# How can you trace a laptop that accessed an insecure wi-fi connection?



## logitechfan (Apr 26, 2010)

Is it possible to track/trace down who accessed an insecure wi-fi connection using their computer or laptop? Say the MAC address of the wireless adaptor is spoofed, and the "Computer name" is not identifiable, is there any other way of tracking down someone who used an insecure wi-fi connection?


----------



## scottsee (Feb 28, 2007)

Yes.. Don't do it.


----------



## logitechfan (Apr 26, 2010)

scottsee said:


> Yes.. Don't do it.


I didn't say I am accessing a insecure wi-fi. If it is possible, can you state how?


----------



## scottsee (Feb 28, 2007)

No, it's against the Terms of Service. It seems every time I share a piece of in site the topic or my post gets deleted.. Sorry..


----------



## logitechfan (Apr 26, 2010)

scottsee said:


> No, it's against the Terms of Service. It seems every time I share a piece of in site the topic or my post gets deleted.. Sorry..

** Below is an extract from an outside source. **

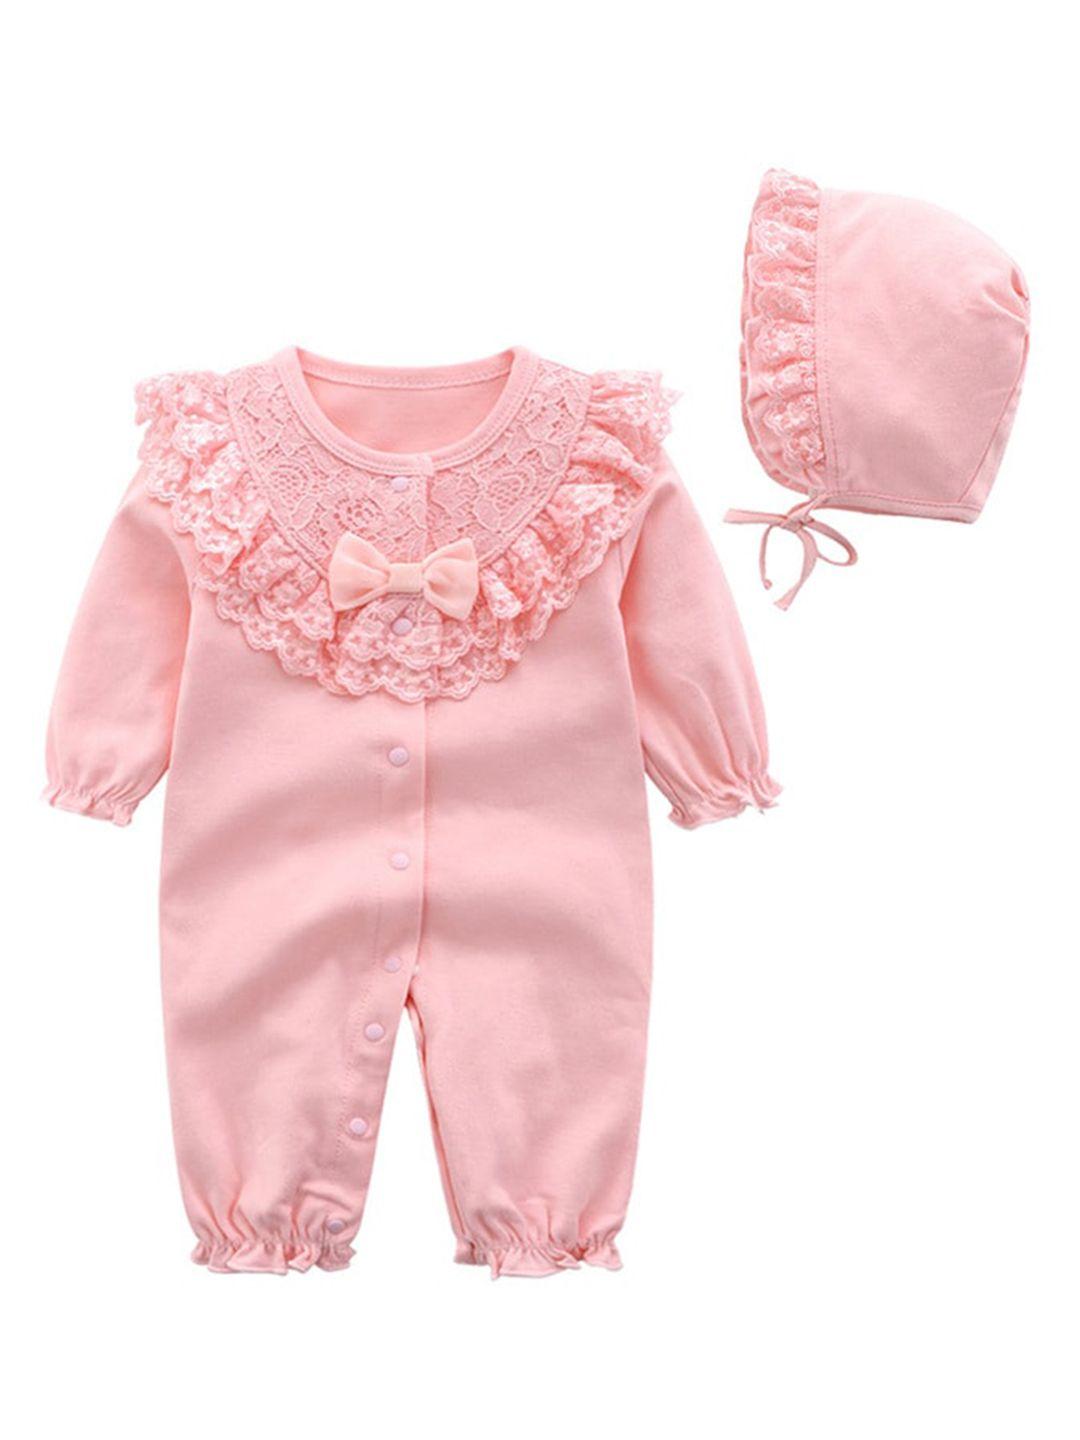 stylecast-infant-girls-pink-self-design-cotton-rompers-with-hat

Sorry I don't get what's against TOS? I said I'm not trying to access or do anything illegal. This question is for educational purpose only. If you can't post here, why don't you PM me?


----------



## Basementgeek (Feb 7, 2005)

Hi:

Your post/question has been reviewed and we think it is best that the thread be closed.

They is no way we can determine what/why you are asking, especially since you stated "educational purpose only".

Just because CAN get for free, does not mean you are ALLOWED to get it.
That is Theft of Service.

BG


----------